Леха пришел разок за сараи и застрял там навечно. Сказали ему – тут хорошо. Он и поверил. Хорошо тут, очень хорошо! Да и на самом-то деле, было ли где лучше?.. Пили за сараями без причины-повода, а раз так – пили всякий день. Деньги есть – вот и повод. От проходной бежали в магазин, из магазина – к штабелям. Леха прошел стремительно через все этапы: от сбитых, нерушимых компаний, через случайные группы, и добрался наконец до жалостливых подачек. Привык Леха к похмелью, к ежедневному вливанию. Деньги добывал по вечерам, работой скорой, быстрой, чтобы не ждать долгого расчета. И цена ему была – бутылка. Малярничал, обои клеил, стекла вставлял, паркет циклевал. Цену заламывал большую, потом тут же сбавлял, брал поскорее – бутылками. Лучше одна сегодня, чем две послезавтра.
И спился Леха. По утрам еле вставал, весь день трещала с похмелья голова, а вечером – снова на халтуру. Стал Леха-алкаш, Леха-матерщинник, Леха-драчун: папироска во рту, как приклеенная. На работу ходил по случаю, писал объяснения о прогулах, будто тыкал окурком в чернильницу. Потом и ходить перестал. Прилепился Леха к мебельному магазину, набивался покупателям в грузчики, соблазнял дешевизной. Хватал с напарником шкаф – и бегом, на полусогнутых. Напористый, быстрый по дурному. Шкаф – о косяк, диван – о ступеньку. Сила есть – ума не надо. Зато сразу, тут же, в момент.
После погрузки сидел на корточках у магазинных дверей, руки свесив меж колен, курил, поплевывал, задирался с конкурентами. Ловкий был поначалу в драке, верткий, как угорь, а потом силы пропил, ловкость растерял. Прежде он бил других, теперь били его. Однажды вез мебель, упился по дороге, танцевал в кузове цыганочку: выпал на повороте на асфальт. Месяц в больнице лежал, с жизнью прощался, с Богом здоровался. С перепугу хотел завязать, да уж присох теперь – не отлипнешь. Леха Никодимов – неприметный рядовой великой армии алкоголиков.
Вот он трухает по улице на полусогнутых, пьяненький, безвольный, бессловесный, – сгорбившись, скрючившись, руки отвисли, ладони спрятались в рукава, – а впереди твердо шагает на толстых ногах крепкая, задастая женщина, кормилица, добытчица, глава семьи, ведет непутевого мужа домой на расправу, И не знает он, чего теперь делать: то ли бить ее, то ли виниться, то ли трешку просить на опохмелку.
Вот он стоит у винного магазина, заглядывает просительно в суровые лица в безумной надежде на бесплатное угощение, озябший, простывший, промерзший, – пальто застегнуто наискосок, шапка с надорванным ухом, крупная капля под носом, а огромный, пьяный, наглый мужик-пропойца пихает его жирным пузом, оттесняет конкурента от магазина.

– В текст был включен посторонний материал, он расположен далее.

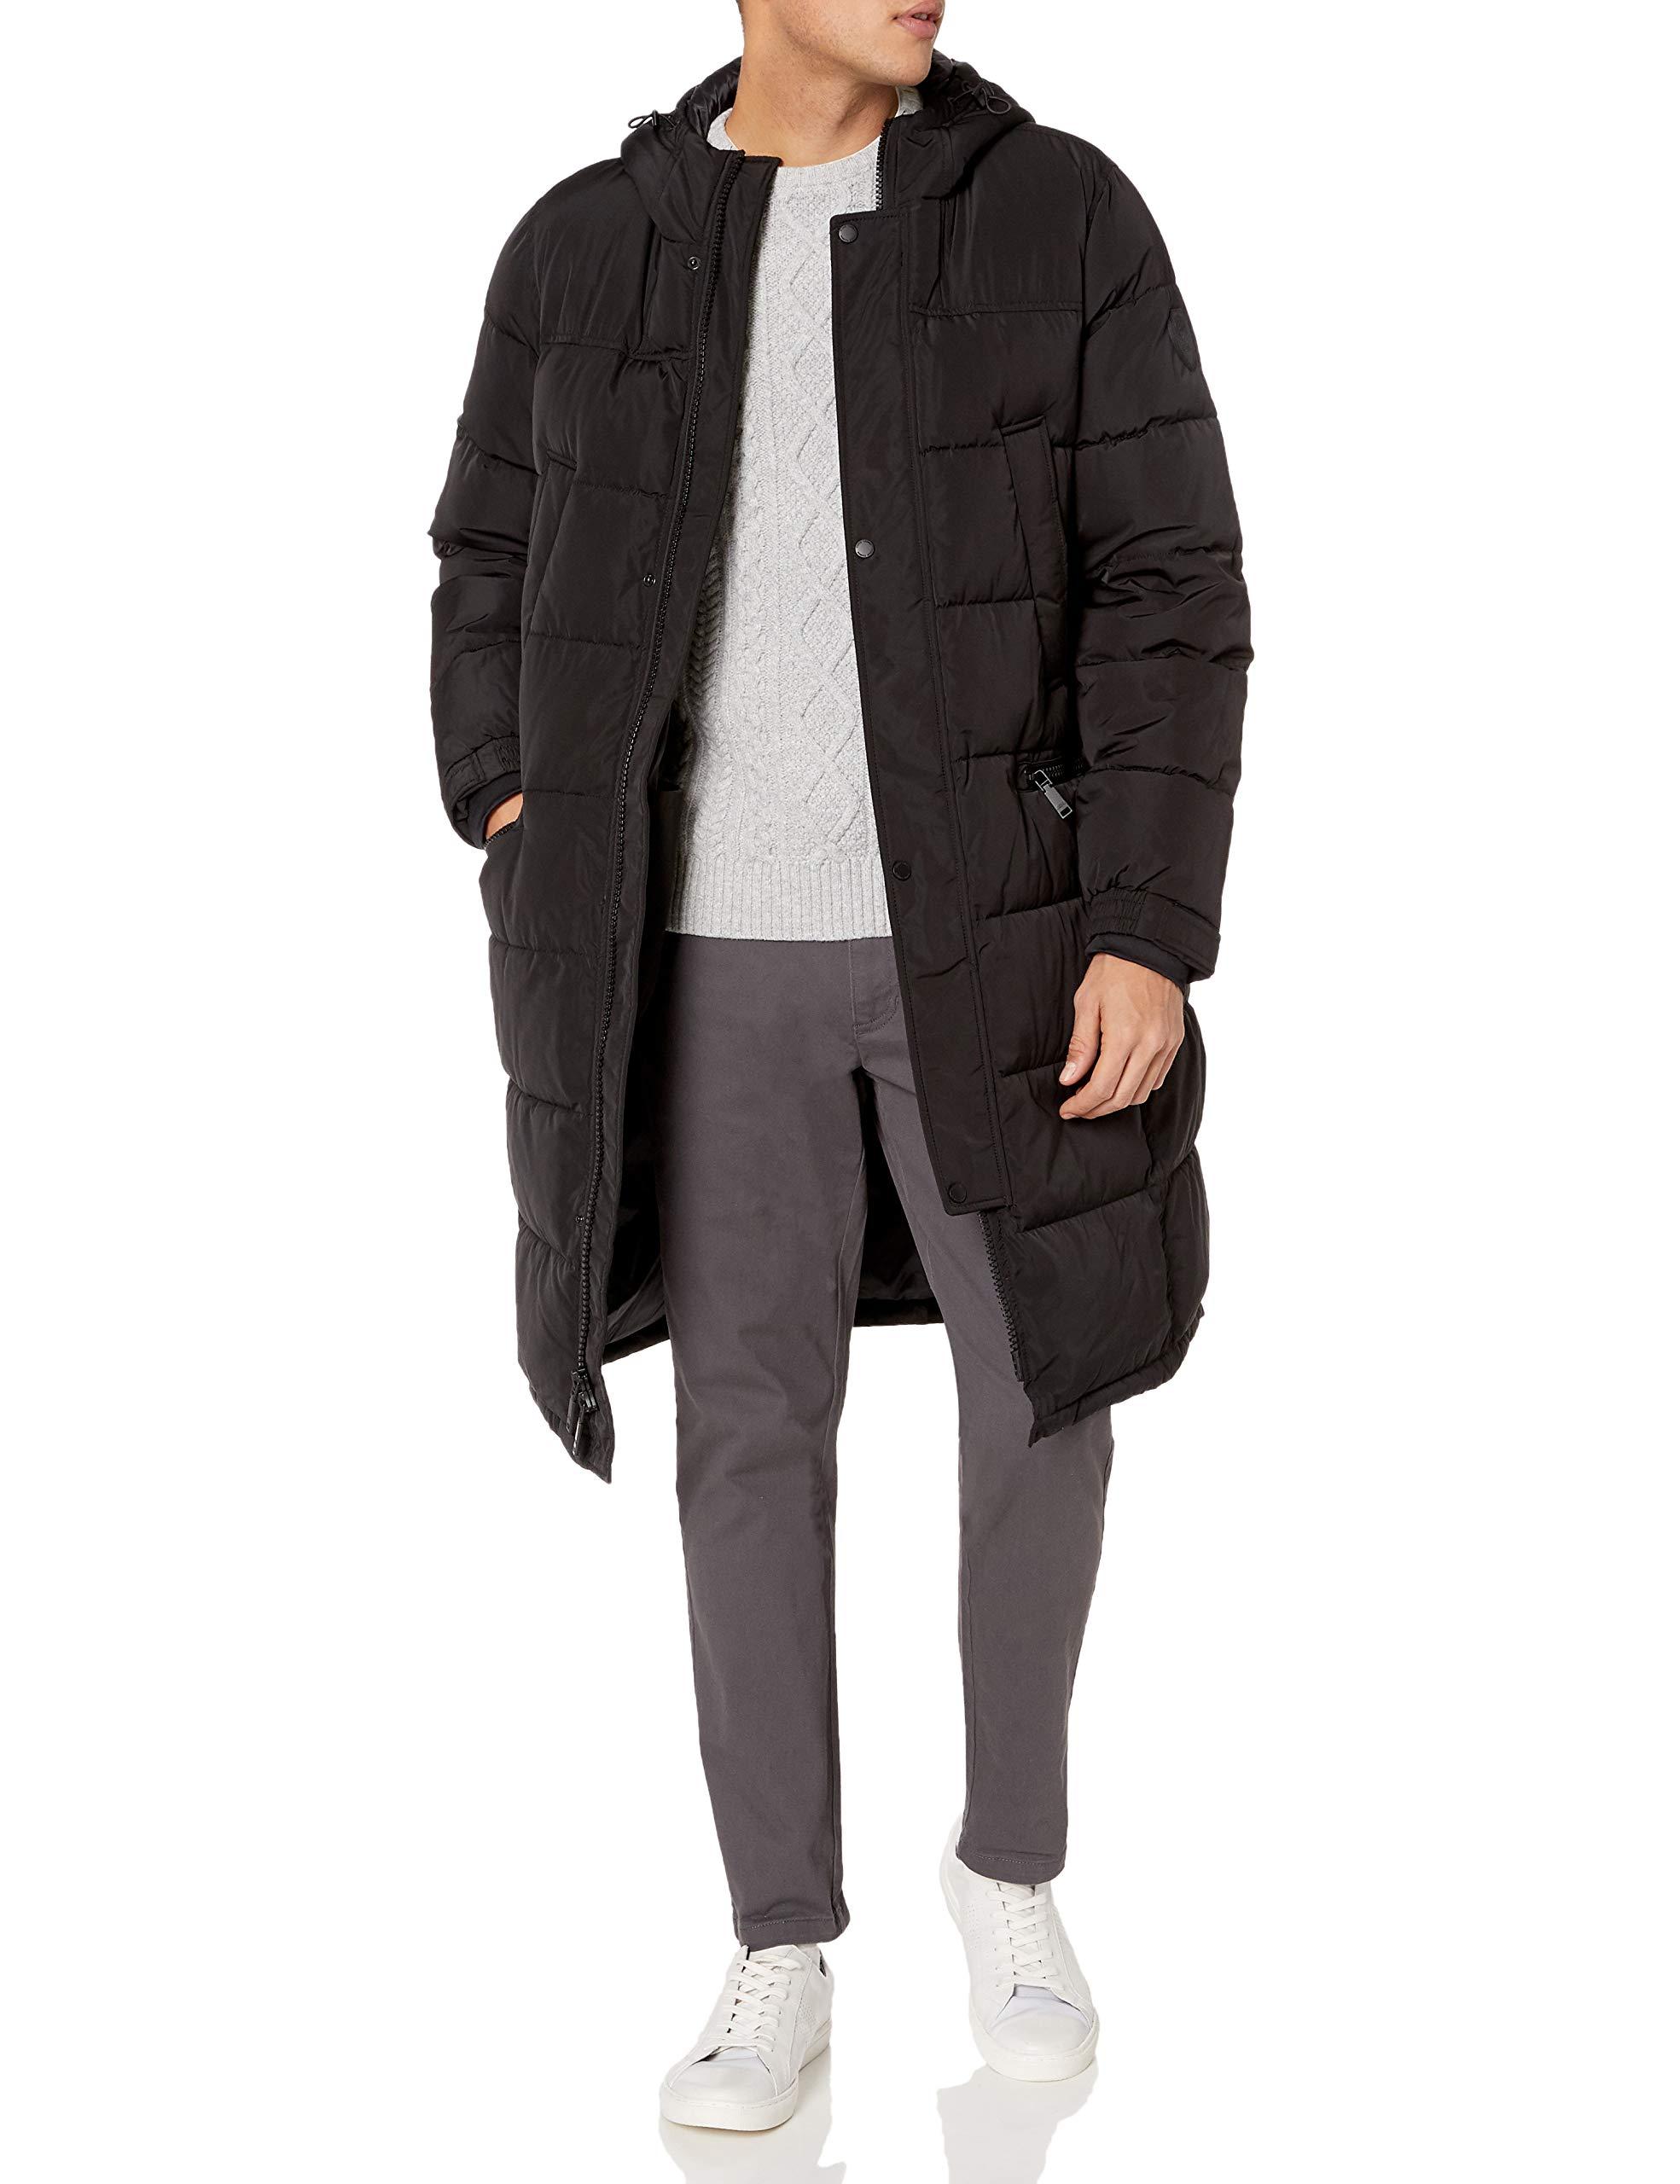 Vince Camuto Long Insulated Warm Winter Coat Parka in Black for Men ...

Вот он жмется в подворотне в кругу себе подобных, на трясущихся паучьих ножках, шмыгает, ерзает, дрожит в нетерпении, а старик-слепец у стены незряче уставился на бутылку, сам разливает по стаканам, чтобы не обманули при дележе, определяет на слух точный уровень.
Вот он, крадучись, с раннего утра торопится к дружку в цеховую кладовку, отливает в банку клей БФ на спиртовом растворе, бежит закапывать в снег. К обеду клей от мороза свернется, грязные хлопья опустятся на дно, и можно выпить по очереди с дружком, из одной банки, морщась, содрогаясь тощим, костлявым телом, бурую, густую, омерзительного запаха дурманящую жидкость.
Вот он хоронит своих дружков, одного за другим, молодых еще, каждому под сорок, – тот под машину упал, этот лаку глотнул, тому голову проломили в драке, – и тоскливо пьет на поминках, стакан за стаканом, а, напившись, неуклюже танцует цыганочку, орет дурным голосом матерные частушки. А на кладбище молодые лежат рядами. Молодых теперь не меньше, чем стариков. И у каждого на плите: 'Трагически погиб', 'Трагически погиб', 'Трагически погиб'...
Вот он выходит по утрам из вытрезвителя, а старый его знакомый, дряхлый фельдшер с вытаращенными глазами, со склеротическими жилками на мясистом носу, топает на него опухшими ногами, орет всякий раз с тоской и болью: 'Люди, вы спиваетесь! Вы спиваетесь, люди! Вам известно это или вам неизвестно? Какое у вас будет потомство, люди? Кого вы выродите? Мне страшно! Мне страшно за ваших детей, люди!' Леха слушает фельдшера и тоскует. Леха переживает очень. Ведь он и ему верит. Он, Леха, всем верит. Всем-всем. Такой уж он уродился.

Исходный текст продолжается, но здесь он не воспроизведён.